The Wolf administration maintains that dissolving the disaster emergency does not affect a health secretary’s disease-prevention authority to issue mask-wearing and stay-at-home orders or shut down schools and nonessential businesses.

Wolf has ended those measures, except for a mask mandate for unvaccinated adults.

Still, Republicans framed Thursday’s votes as carrying out the will of the people in last month’s statewide referendum.

In it, voters approved a constitutional amendment to give lawmakers new power over extending and ending disaster emergencies.

“The people of Pennsylvania wanted the emergency to be over,” Senate Majority Leader Kim Ward, R-Westmoreland, said during floor debate.

“It’s over. It was going to be over at some point, and it’s over today,” Ward said.

Democrats said ending the disaster emergency is purely political theater for Republicans as long as they are extending the regulatory waivers that are the key component of a governor’s authority under a disaster declaration. The suspended regulations cover a wide swath of government functions and the economy, including licensing, inspections and training,

The bill to extend the regulatory waivers would keep the regulations suspended until Sept. 30, unless Wolf’s administration ends waivers sooner.

It passed the House and Senate unanimously, but still required approval from Wolf. Republicans had haltingly decided to extend the waivers at Wolf’s urging. Wolf will sign it, his office said.

During floor debate, Democrats accused Republicans of undertaking an experiment that could hamstring a state response to a resurgence of COVID-19 and risks losing tens of millions each month in federal emergency food aid for the poorest families.

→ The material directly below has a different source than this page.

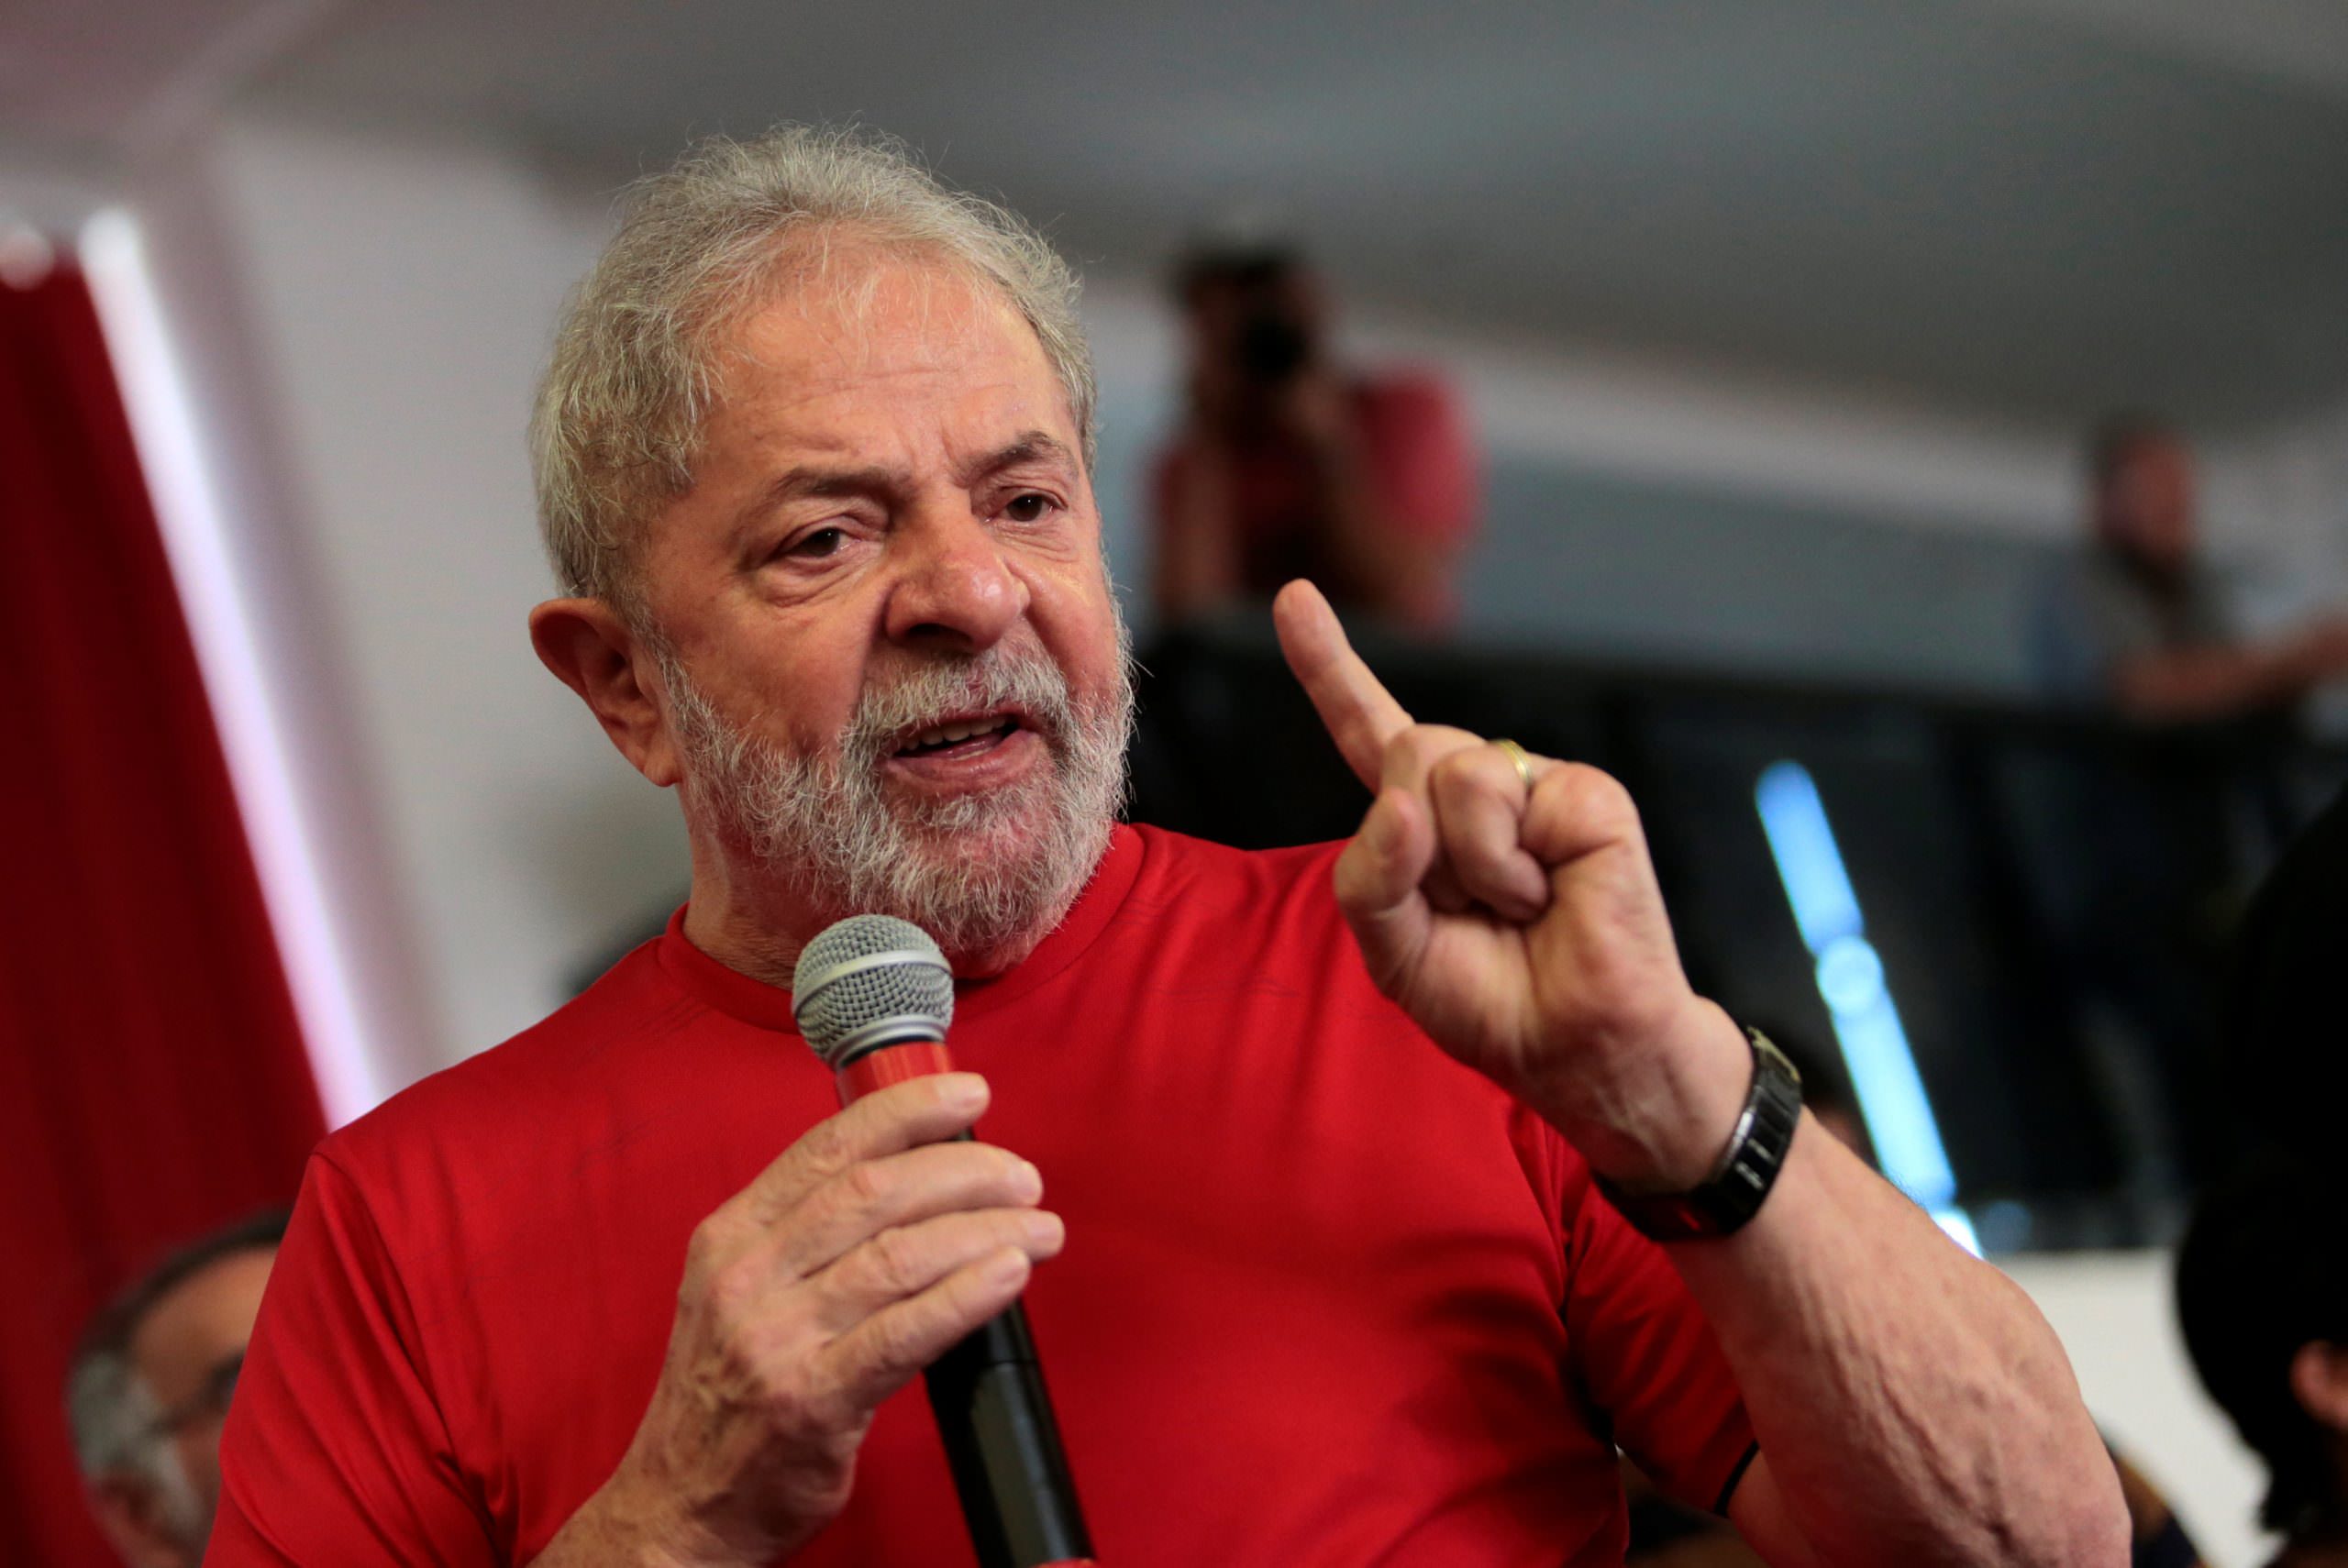 Lula vai usar criação do juiz de garantias em ação na ONU contra Sergio Moro

The resolution passed the chambers with every Republican in favor of it and all but nine Democrats against it. It does not need Wolf’s approval.

Republicans say they expect that federal aid will continue and that Wolf can declare another disaster emergency, should he need to.

Lawmakers, though, would have the newly granted authority under the referendum to end a new declaration by a majority vote, rather than the two-thirds vote necessary previously.

Republicans and Democrats also quarreled over whether the resolution can take immediate effect, since the state has not yet certified the results of last month’s referendum.

That could happen as early as Friday.